Fu lanciata nello spazio il sedici giugno del 1963 dal cosmodromo di Bajkonur, in Kazakistan, la prima donna nella storia dell’astronautica. Si chiamava Valentina, ma per quella missione scelse il nome di Čaika, che in russo significa gabbiano. Allora aveva ventisei anni e rimase a bordo della navicella Vostok 6 per tre giorni e tre notti, legata al seggiolino, con un oblò per guardare quaggiù e poco altro. Per quarantanove volte fece il giro del mondo, godendosi quarantanove albe e altrettanti tramonti, fino a rientrare sul pianeta, da qualche parte nella steppa, lanciandosi con il suo paracadute per gli ultimi metri di volo.
Inutile dire che Valentina Tereshkova diventò subito un mito e che ancora oggi lo è.
il racconto
L’ASTRONAUTA CON L’APOSTROFO
«Da grande farò il pompiere!», scrisse un mattino la giovane Valentina, impegnata a riempire il foglio a righe, badando bene di restare dentro ai margini, come piaceva alla maestra, pignola e puntigliosa. Un tema in classe è una cosa seria e se il titolo chiedeva cosa farai da grande, il pompiere pareva a Valentina una soluzione avventurosa, affascinante e facile da immaginare e da descrivere in bel corsivo.
«Quando sarò grande – scriveva – farò il pompiere e indosserò un casco e un bel vestito rosso rosso, pronta per andare in missione».
Brava Valentina! Anch’io avrei fatto volentieri il pompiere. Complimenti! La maestra sarà di sicuro soddisfatta e un bel voto garantito.
Invece no.
«Come sarebbe, il pompiere? – Borbottò la maestra, con aria severa. – Non è adatto a una ragazza come te, il mestiere di pompiere, lo dice la grammatica stessa, con l’articolo il che è indubbiamente maschile, mentre tu, Valentina, sei femminile, come una mela, una penna a sfera e una lampadina».
Valentina non sembrava capire. Il pompiere era maschile, e allora?! Forse la maestra voleva che da grande facesse la mela? O la penna? O la lampadina? Che mestieri sono, quelli?! Ma non fece in tempo a controbattere, che la maestra, severa, continuò a rimproverarla.
«E poi che vestito è, un vestito rosso rosso? Chi ti credi di essere, Babbo Natale?». Qui i compagni scoppiarono in una fragorosa risata.
«E anche Babbo Natale – borbottava – con quella barba bianca è maschile più che mai. È maschile il babbo ed è maschile anche il Natale».
«Potresti voler fare la maestra – concluse – che è femminile come me e come te».
L’ultima cosa che Valentina aveva in mente era di imitare la sua maestra, che sarà stata anche femminile, come luna storta e come i sostantivi antipatia, severità e lucertola, ma a lei non importava granché. Che poi anche barba era una parola femminile: barba, proprio come quella di Babbo Natale, che forse anche lui, con quel vestito rosso, da bambino voleva fare il pompiere…

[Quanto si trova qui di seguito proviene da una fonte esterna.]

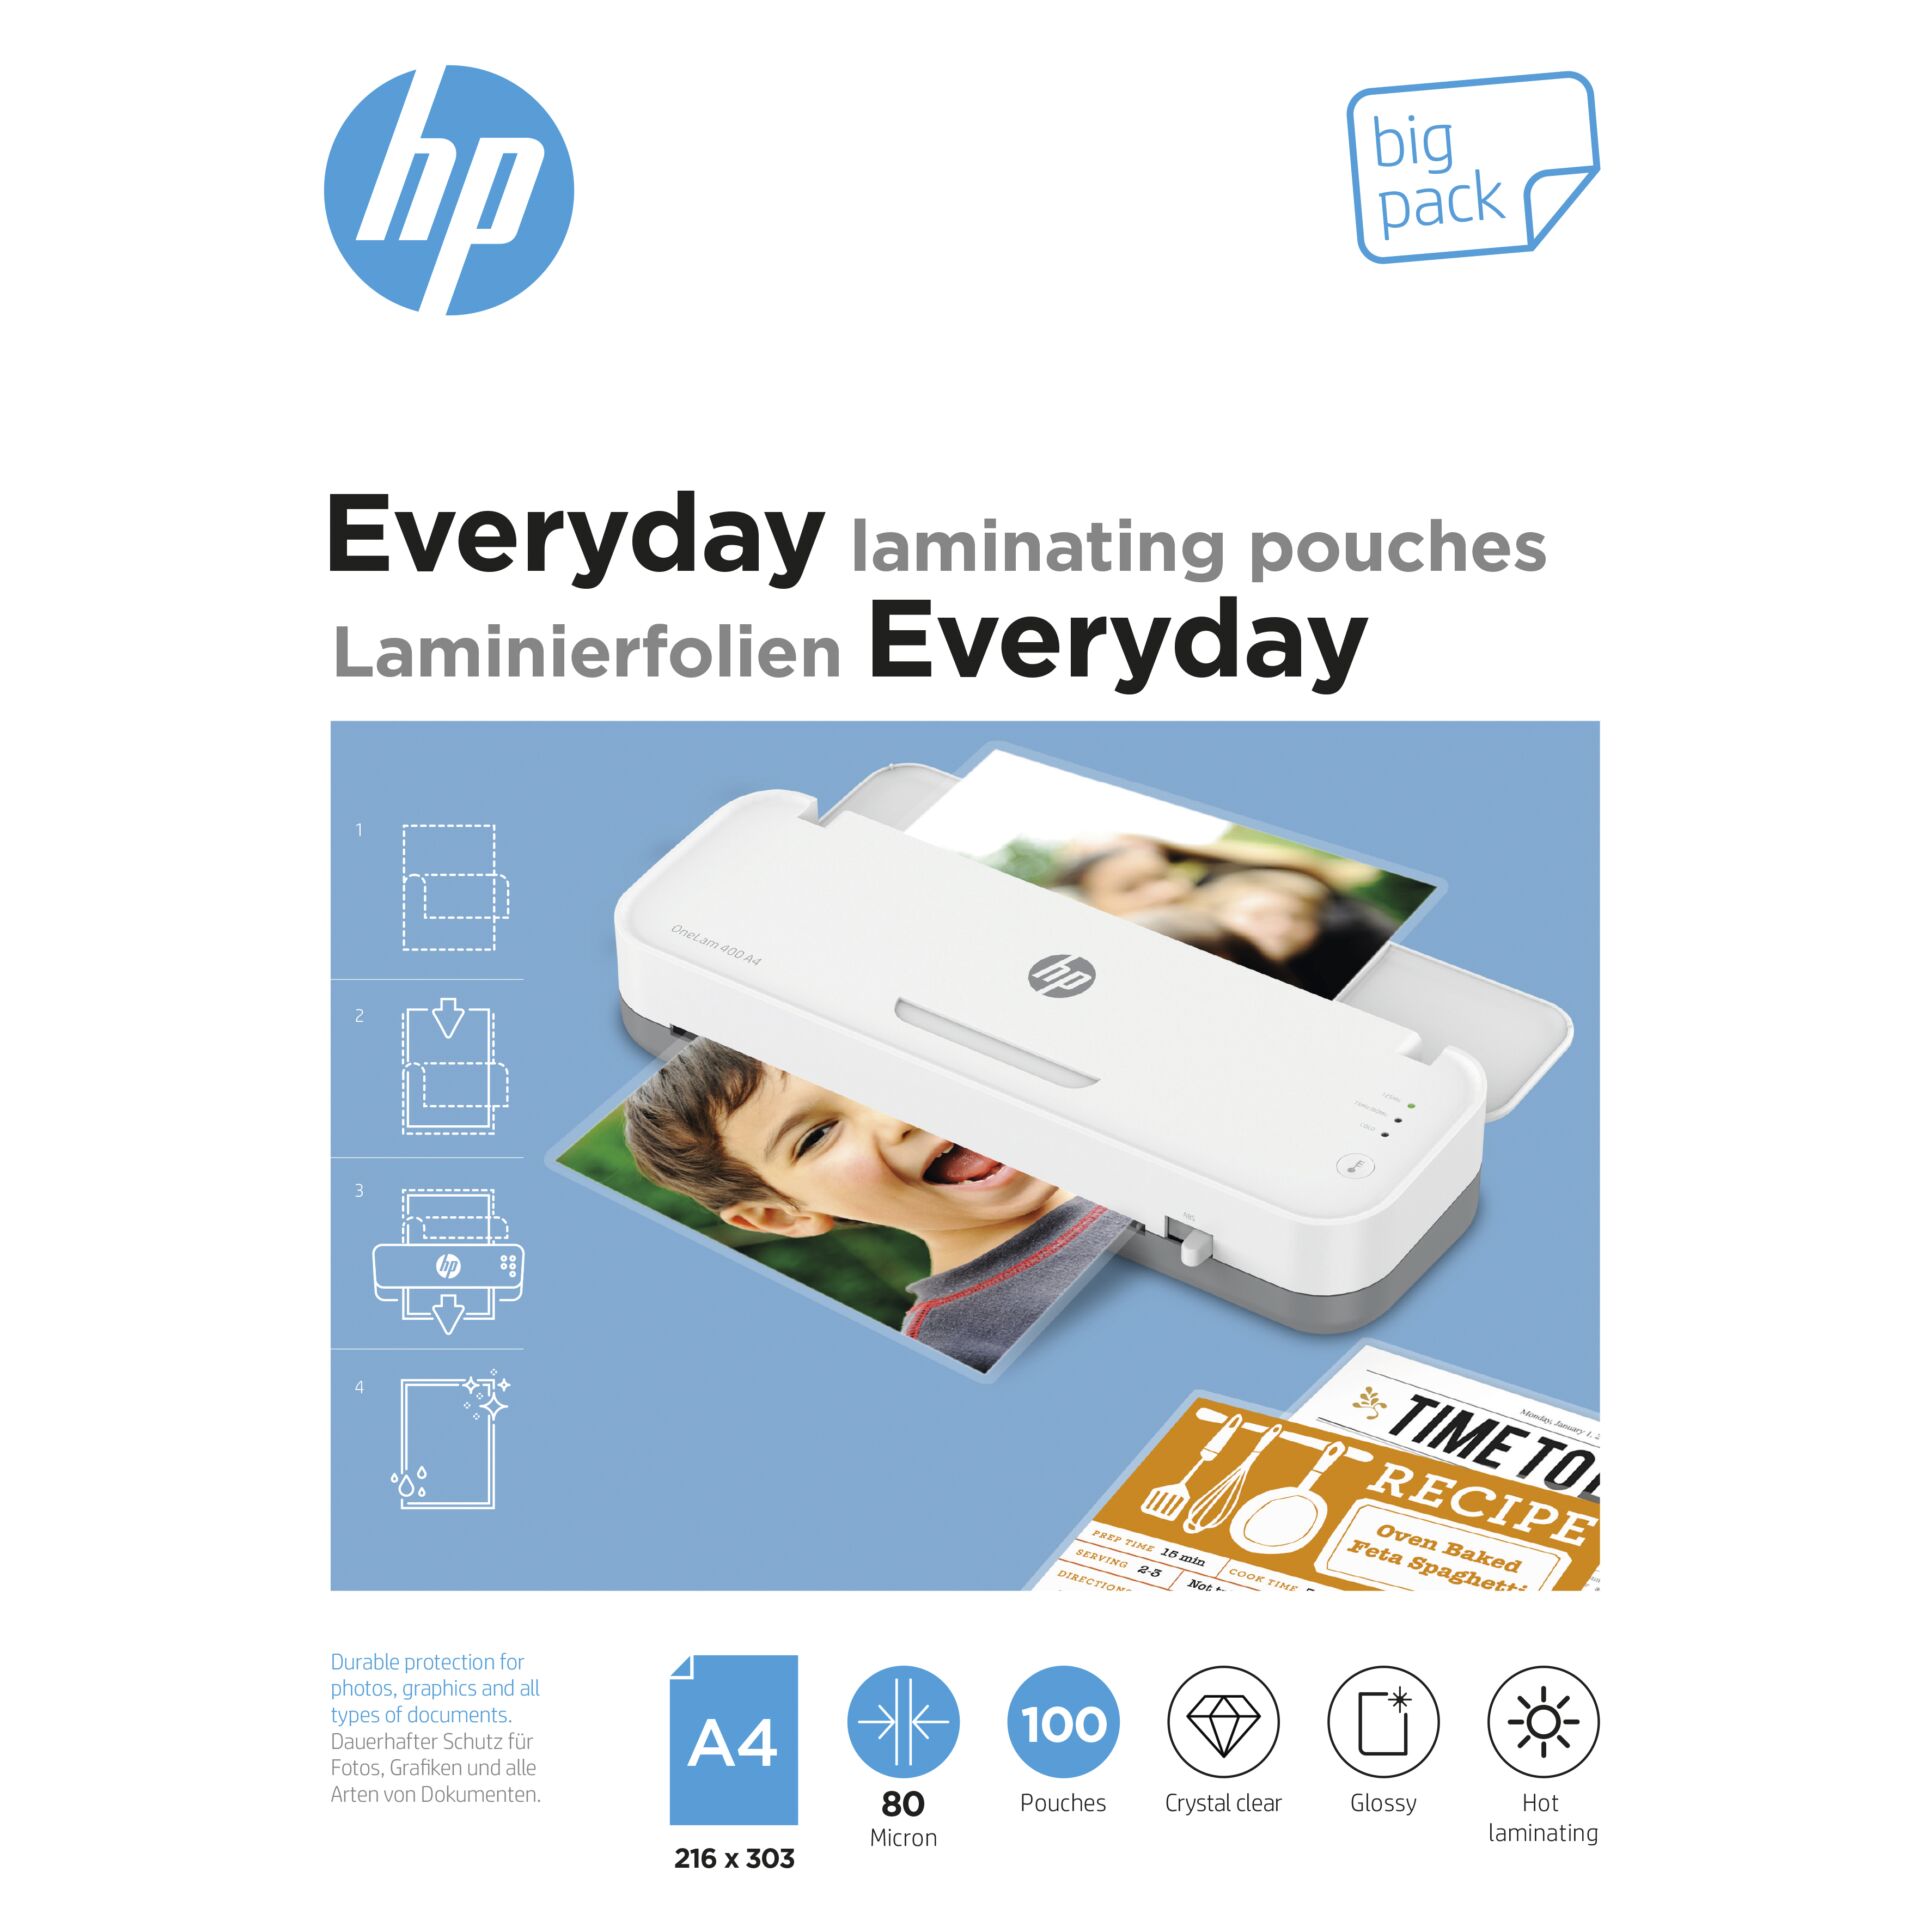 HP Laminierfolien Everyday A4 80 Micron 100x

Andò a finire che Valentina prese un altro foglio a righe e, sempre facendo attenzione a non uscire dai margini, cominciò da capo un nuovo tema in classe.
«Quando sarò grande – scrisse – sarò un’astronauta!»
«Sarò un’astronauta – continuò a scrivere – e indosserò un casco e un bel vestito arancione, pronta per andare in missione».
Brava Valentina! Quello sì che era un mestiere entusiasmante.
«Volerò sopra le nuvole!» Scriveva, ed era felice che la nuvola fosse femminile.
«Volerò verso le stelle più lontane!» E anche le stelle erano femminili, stava scritto in tutti i dizionari.
«Volerò nella galassia!» E pure galassia era femminuccia come lei. E come la maestra, che questa volta non avrebbe potuto che complimentarsi, nessun dubbio, e un bel voto era garantito.
Invece no.
«Ma cosa hai scritto! – Brontolò quella, segnando il foglio a righe con la matita rossa – Un astronauta si scrive senza apostrofo, come un albero, un cammello e un carciofino sott’olio».
Vuoi vedere che la maestra considerava mestieri anche gli alberi, i cammelli e i carciofi? Mah, chissà.
Però ormai Valentina l’astronauta lo voleva fare davvero e nessuno le avrebbe più fatto cambiare idea. Lasciò che la maestra sbollisse la rabbia e la promuovesse in qualche modo e quando divenne grande lo fece davvero…
Beata Valentina, fece l’astronauta sul serio, diventando nientemeno che la prima donna a farsi un giro oltre l’atmosfera e costringendo tutti gli autori dei libri di scuola a correggere in gran fretta: da quel giorno, finalmente, grazie a lei un’astronauta si poteva scrivere tranquillamente con l’apostrofo, se si parlava di un’astronauta femmina, oppure senza, se si parlava di un astronauta maschio.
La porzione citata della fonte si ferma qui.